Fruit juice and dried fruit are high in sugar and may be consumed in a greater amount than a whole piece of fruit. Fruit juices also lack the fiber needed to control blood sugar.

Rivers says fiber and protein are important.

“Fiber is important for gastrointestinal motility, blood sugar control and lower low-density lipoprotein (LDL) cholesterol,” Rivers said. “Fiber is great for appetite control because it can fill you up and keep you feeling fuller for longer.”

She says protein is needed to build and maintain muscles and can be found in a variety of sources such as lean meats cooked using a low-fat method, such as baking.

The AHA and CDC advise cooking meals at home to have a healthy, balanced diet, and Rivers agrees it may be easier to eat healthy when one cooks or prepares meals at home.

“Many restaurants add butter and salt to improve the taste of dishes,” Rivers said. “This of course increases the calorie amount for a meal. Before going to a restaurant, look up the nutrition facts for the menu items you think you would want to eat, then make a decision based on which menu items are lower in calories, saturated fat, sodium and sugar.”

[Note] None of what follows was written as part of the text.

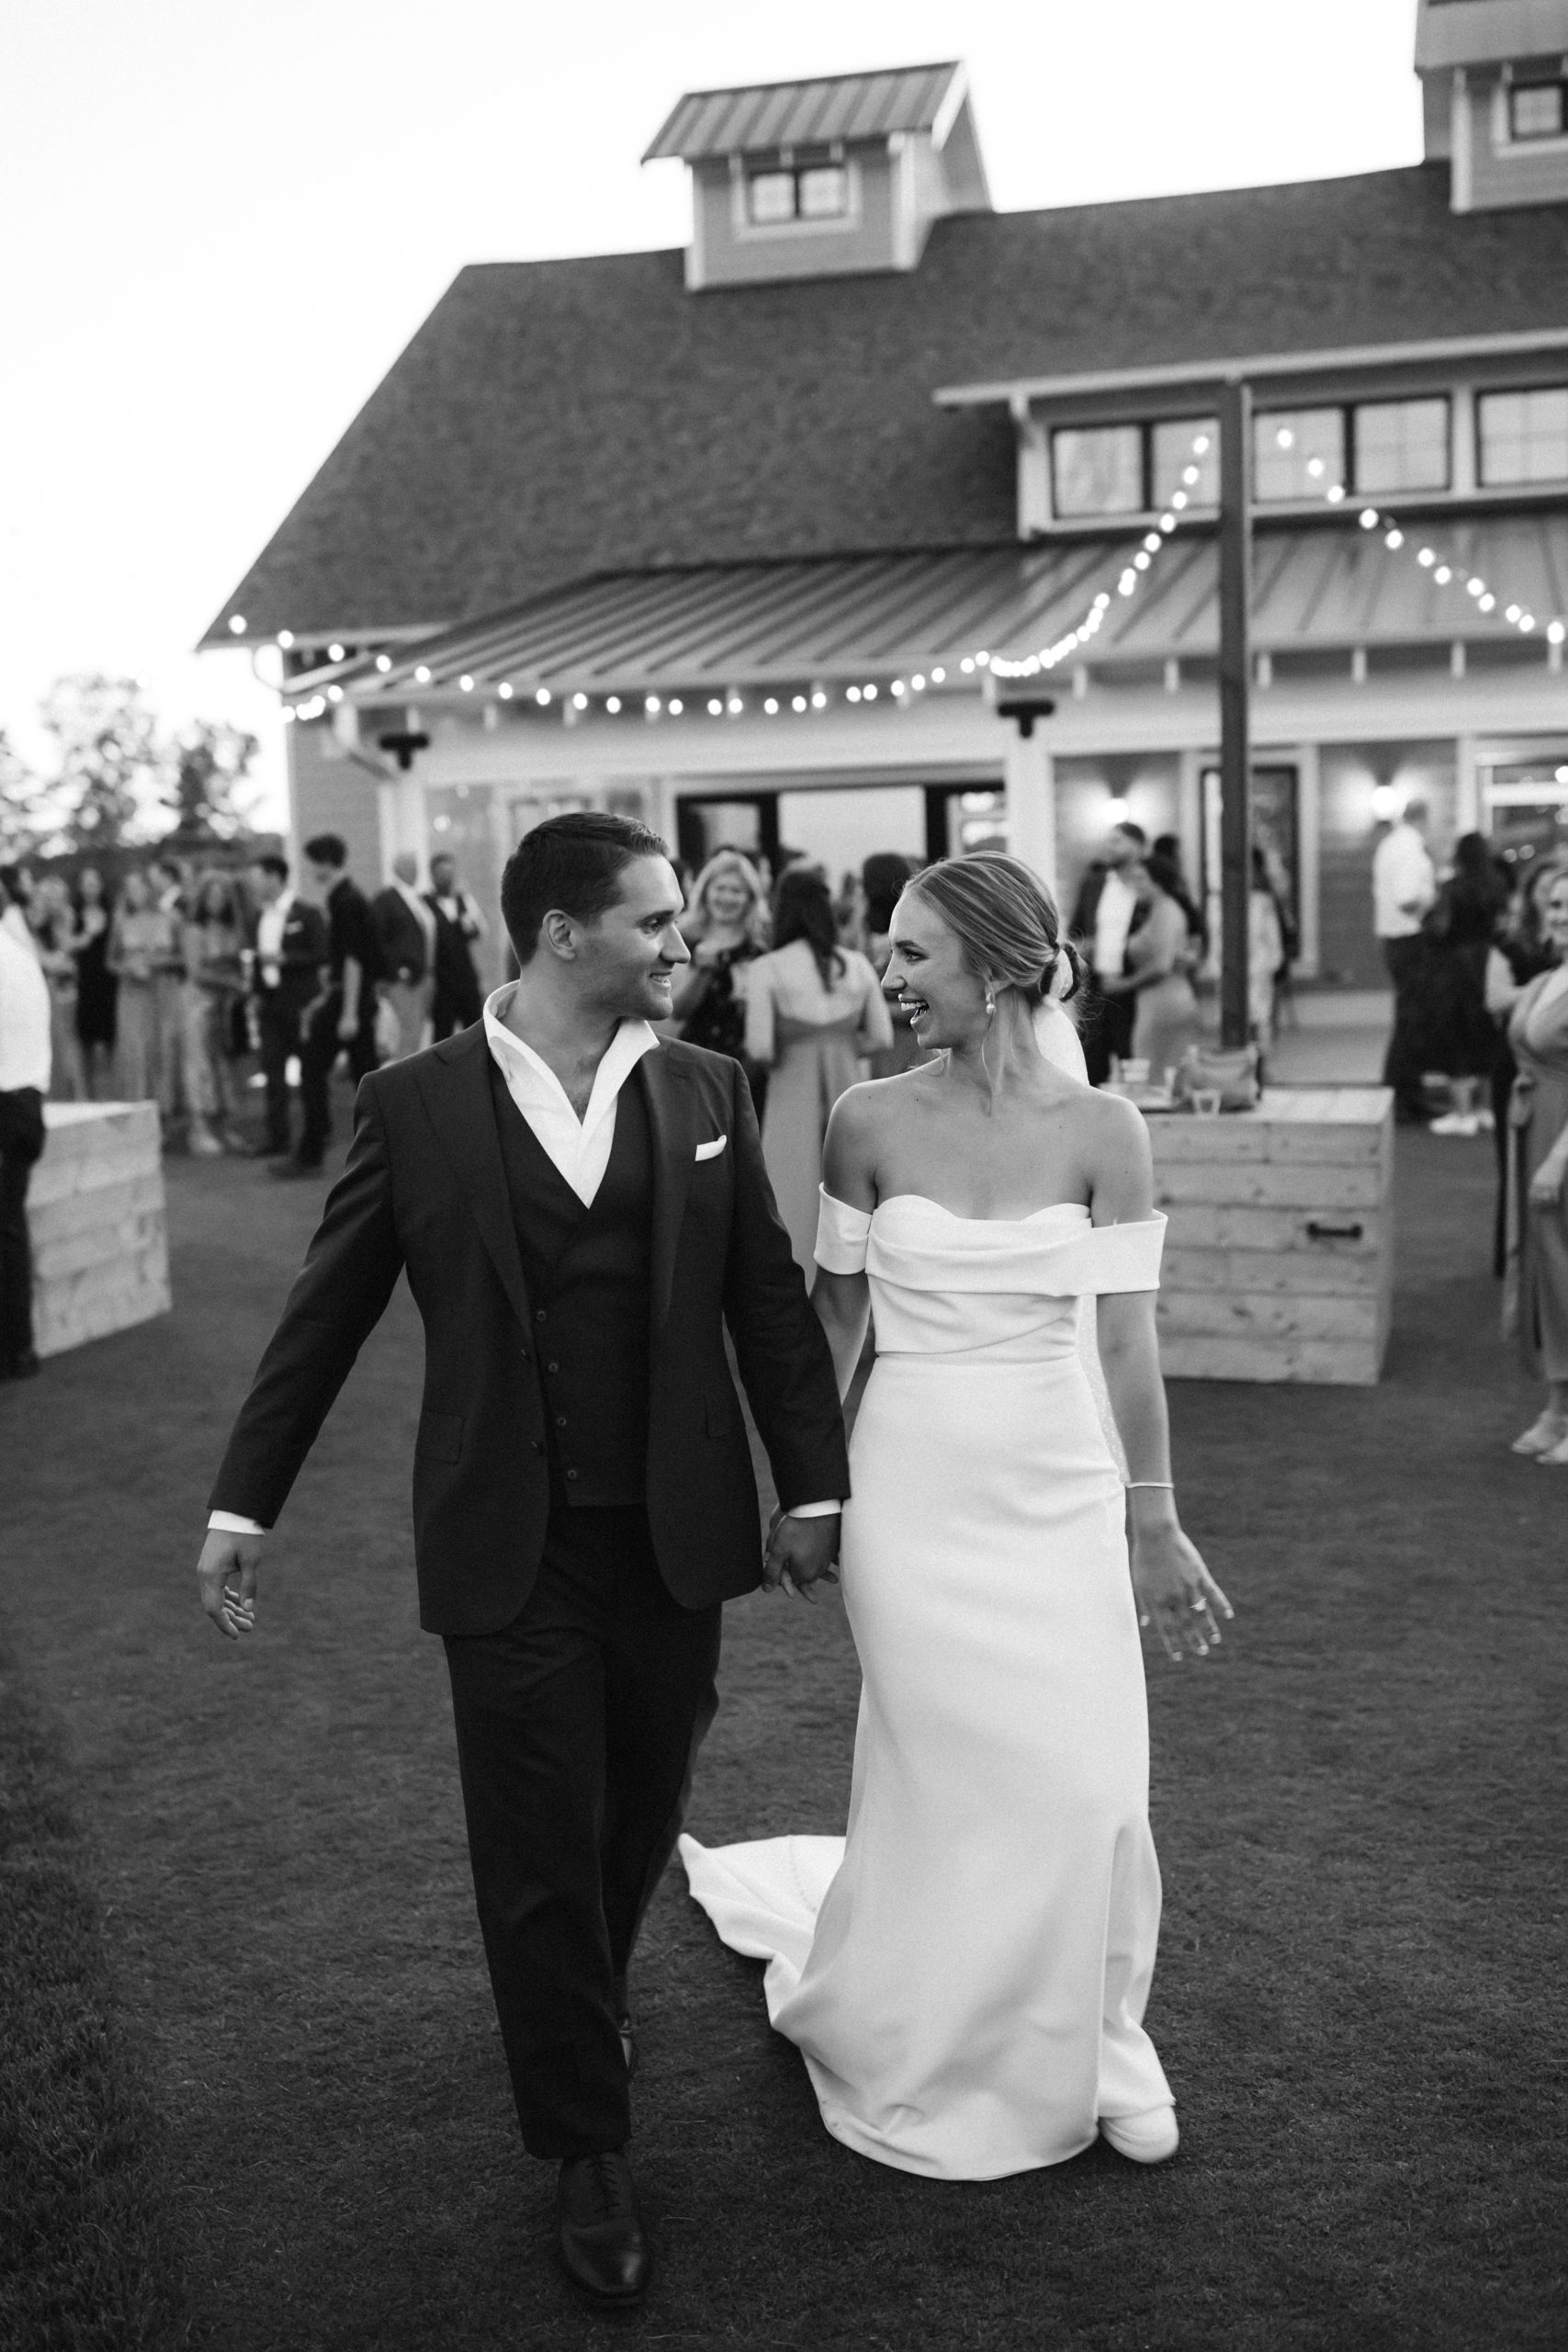 Lindsay & Joey's Tuscan, Olive-Inspired Wedding

As much as the AHA and the CDC encourage a heart-healthy diet, Rivers says a “cheat day” is OK every now and then to allow yourself to have a little bit of what you are craving to help prevent derailing from a diet all together.

Your favorite piece of chocolate or guacamole and tortilla chips are what Rivers recommends as two heart-healthy treats to have on those “cheat days.”

“The occasional bite of dark chocolate or a nice glass of pinot noir is a perfect reward for your efforts to sustain your heart health.”